Istiarto dan Sunarna, dua sahabat yang mendalami ajaran Katolik dengan intens membenarkan hal itu. Jarang terdengar ucapan “selamat” pada hari raya “Kenaikan Yesus”. Istiarto menambahkan bahwa ucapan “Selamat Paskah” sejatinya diberikan sejak “Paskah Kebangkitan” hingga “Pantekosta”. Pendapat yang secara tak langsung menyetujui Soegi. Entah apa yang menjadi rujukannya.
Apa pun latar-belakangnya, membanjirnya ucapan selamat “Kenaikan Isa Al Masih” membesarkan hati kami. Oxytocin mulai mengalir dalam tubuh, hormon yang tumbuh karena adanya relasi yang erat dan bersahabat, kemudian melahirkan rasa bahagia di rongga dada manusia.
Hari raya “Kenaikan Yesus Kristus” atau “Kenaikan Isa Al Masih” adalah peringatan kenaikan Yesus ke surga.
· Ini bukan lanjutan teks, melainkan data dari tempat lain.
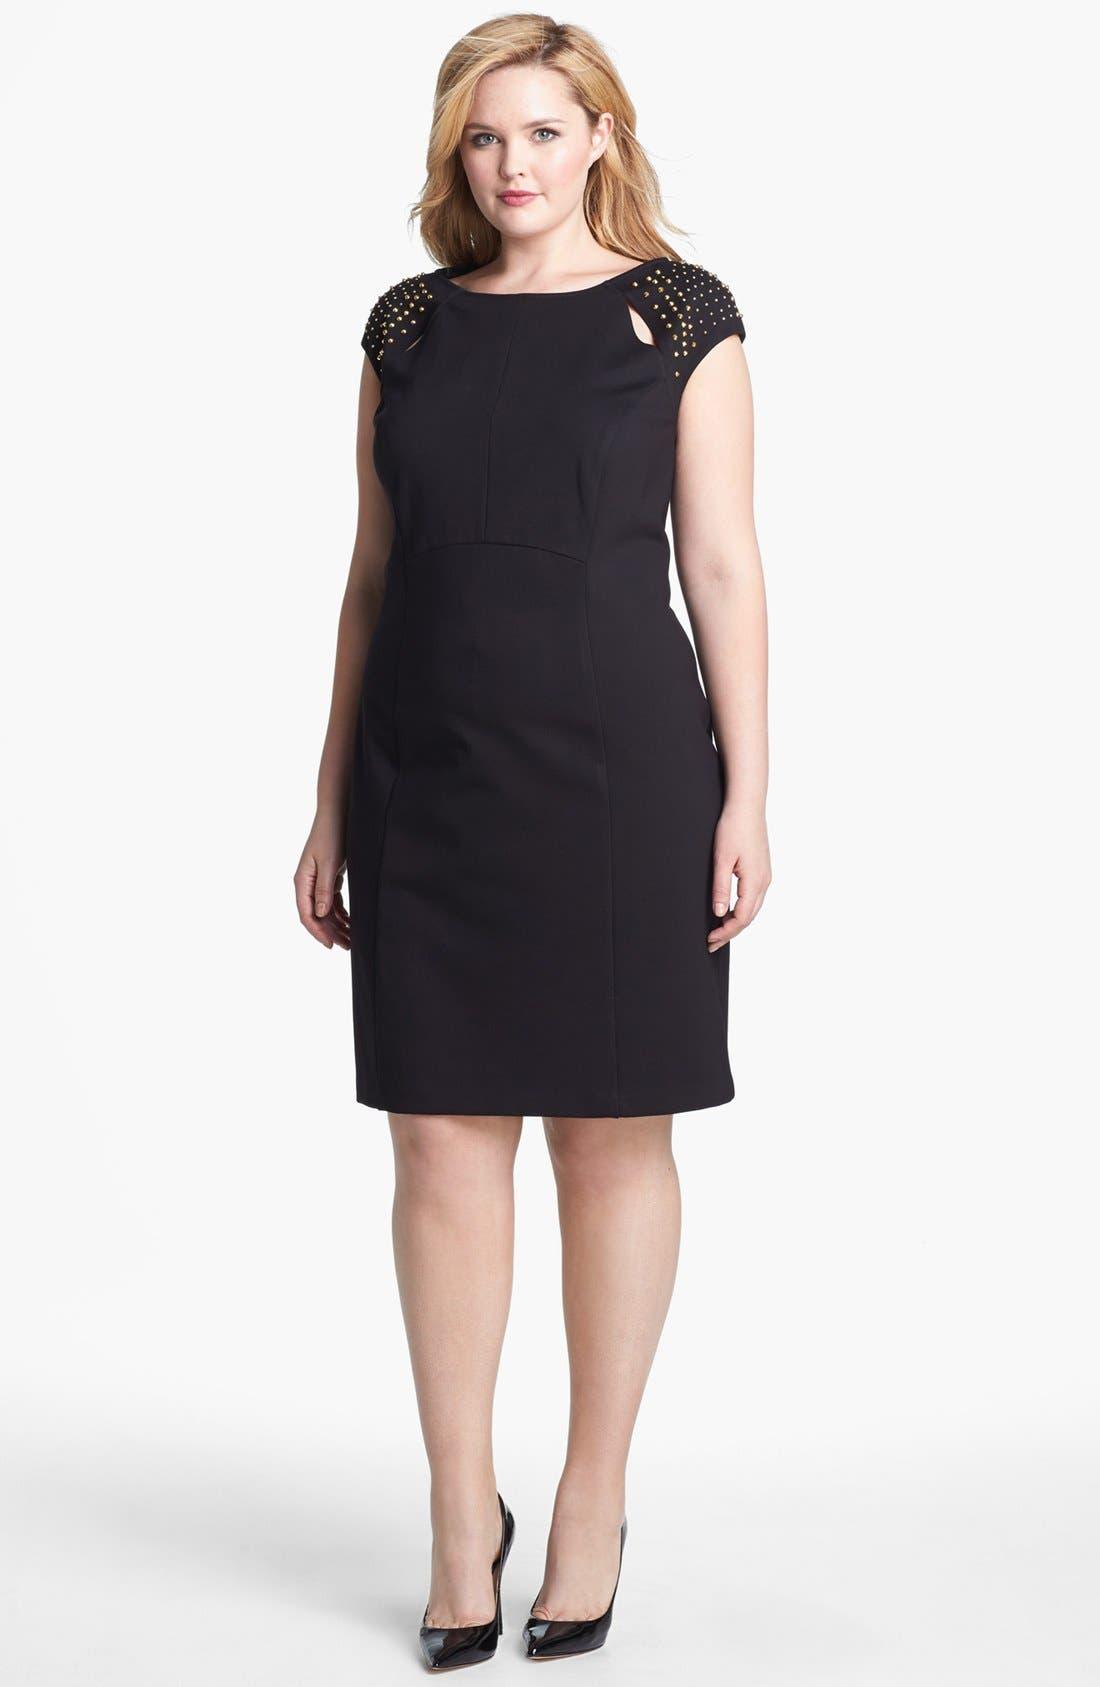 Main Image - ABS by Allen Schwartz Studded Sheath Dress (Plus Size)

Perayaan berpindah (berbeda tanggal tiap tahunnya) selalu jatuh pada hari Kamis, 40 hari setelah Paskah, atau 10 hari sebelum Pentakosta. Beberapa orang menyebutnya sebagai hari Kamis Suci/Agung atau “Holy Thursday” (bukan Kamis Putih).
Peristiwa yang menandakan bahwa Yesus lahir, meninggal, bangkit dan naik ke surga, dengan mulia. Dia akan kembali ke dunia dengan cara yang sama seperti ketika naik ke surga. (Kisah Para Rasul 1, 11).
Sangat layak dan pantas kalau kita bersuka-cita karena-Nya. Dia naik untuk membukakan pintu surga dan mempersilakan manusia masuk ke dalamnya.
“At His Ascension our Lord entered Heaven, and He keeps the door open for humanity to enter” (Oswald Chambers – Pengkhotbah, 1874-1917. Terkenal dengan renungan hariannya berjudul, ‘My Utmost for His Highest’).